Reilly, head of the 70-man White House detail, discovered that after Chicago gangster, Al Capone, was convicted of income tax evasion in 1931, the US Treasury Department had seized the crime boss’s bulletproof 1928 341A Cadillac Town Sedan. It had a whopping curb weight of 9,000 pounds.

Capone’s Cadillac was green with black fenders, making it look identical to the Cadillacs, 85 of them, that were supplied to Chicago police and city officials. However, it had 3,000 pounds of bulletproof armor beneath the standard body.
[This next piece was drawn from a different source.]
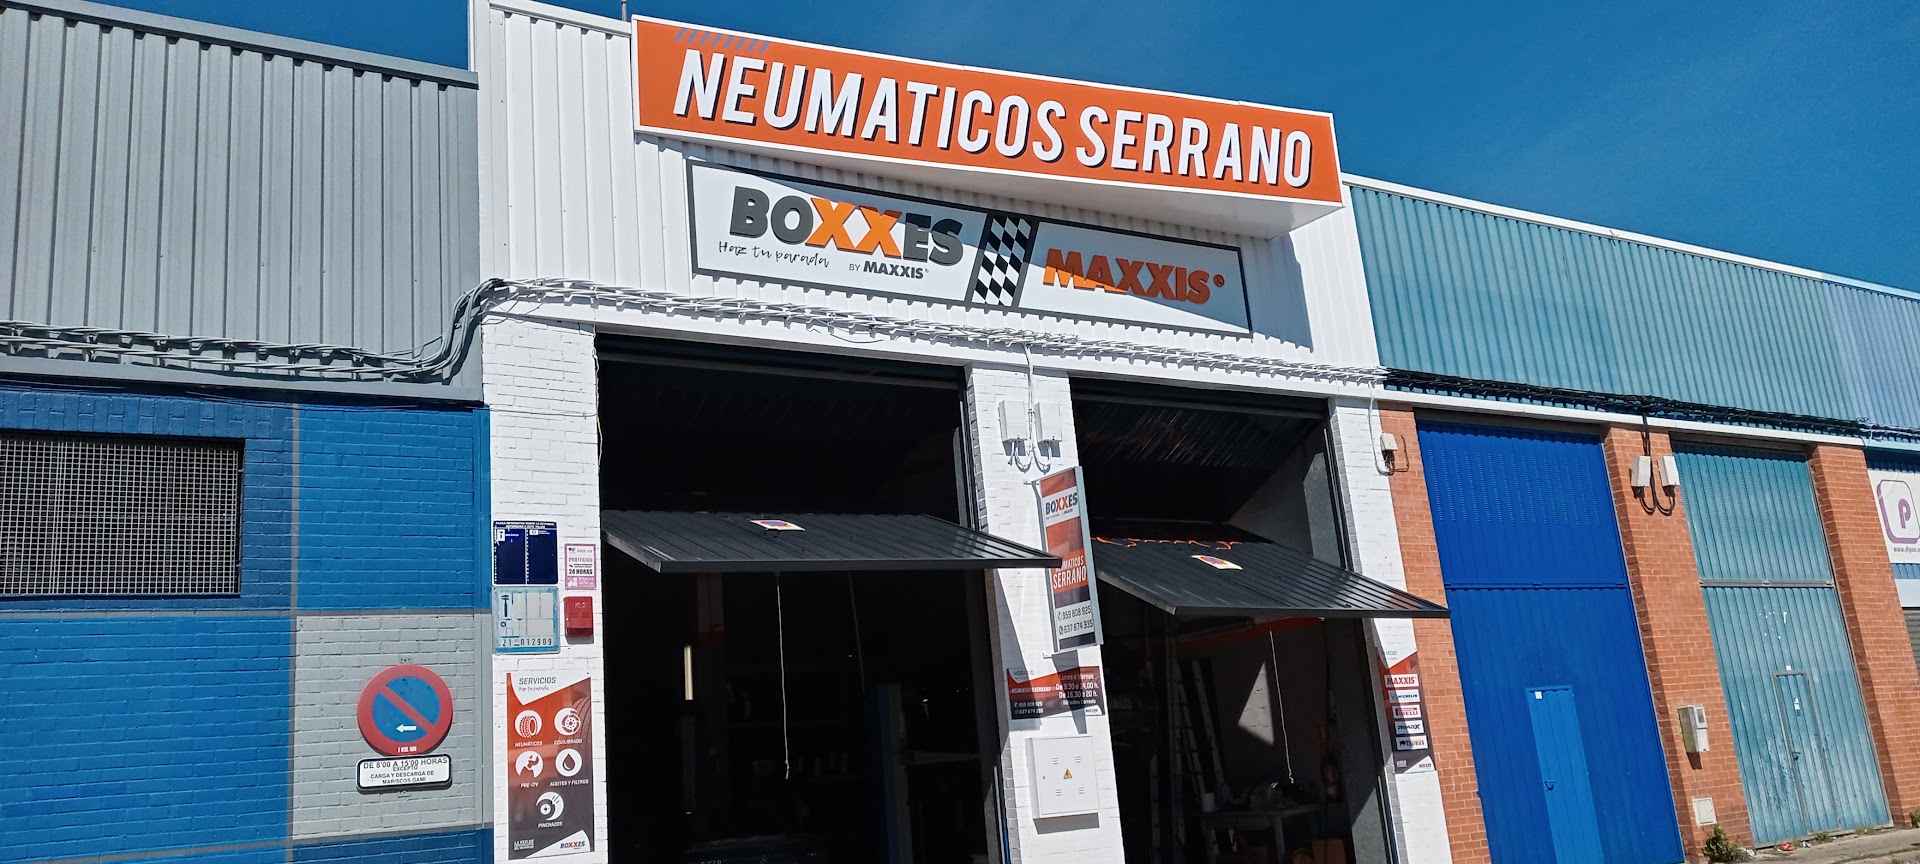 Neumáticos Serrano - venta neumáticos
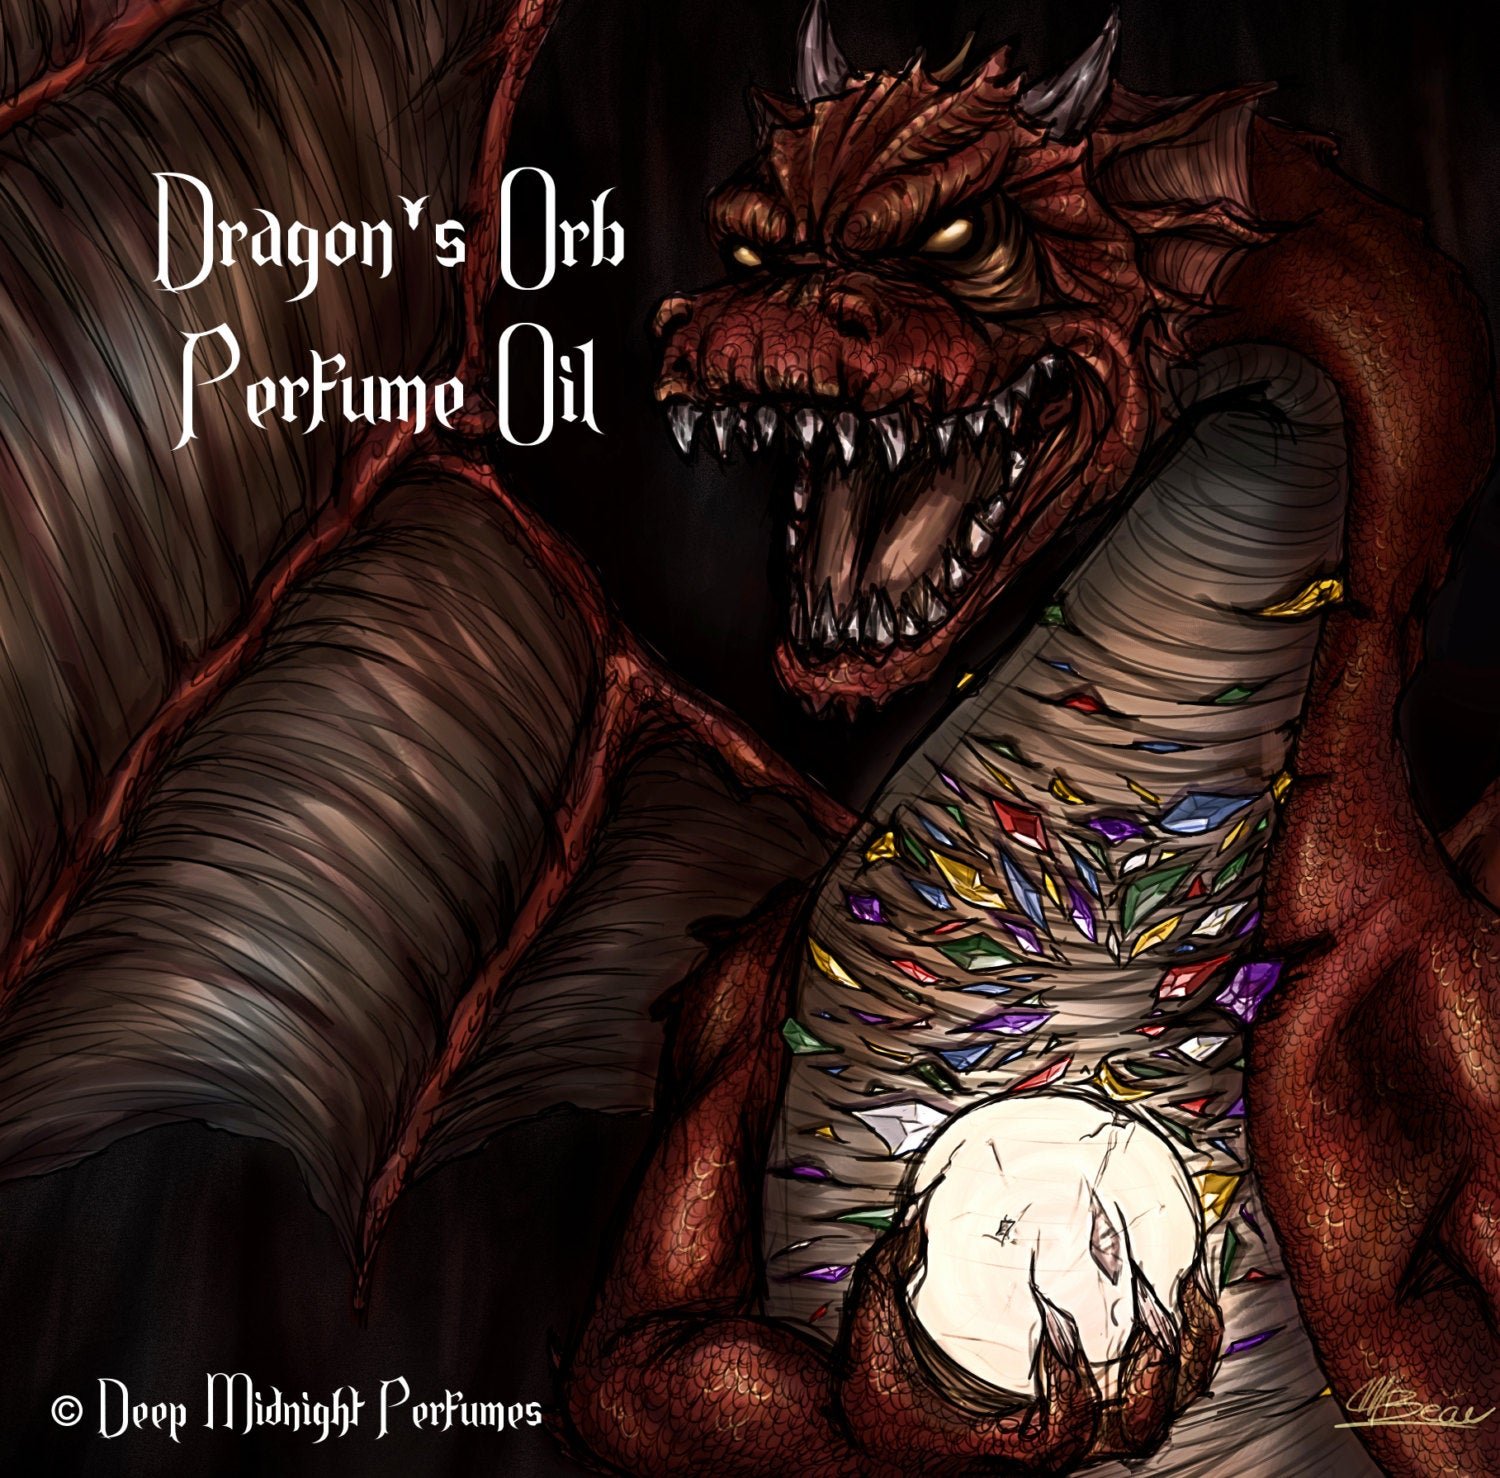 Dragon's Orb Perfume Oil -  Inspired by THE HOBBIT - White Amber, Black Pepper, Juniper Berries, Vetiver

Its windshield and windows were made of recently developed inch thick bullet proof glass.

On December 8, 1941, when Roosevelt left the White House headed for the Capitol to ask Congress to declare a state of war existed with Japan, he made the trip in Capone’s refurbished Cadillac.

Capone and his criminal empire owned several automobiles purchased from Cadillac dealerships in the name of a "Mr. Brown." The 1928 Cadillac the Treasury Department confiscated is believed to have been one of two. The fate of the other possible vehicle is still unknown.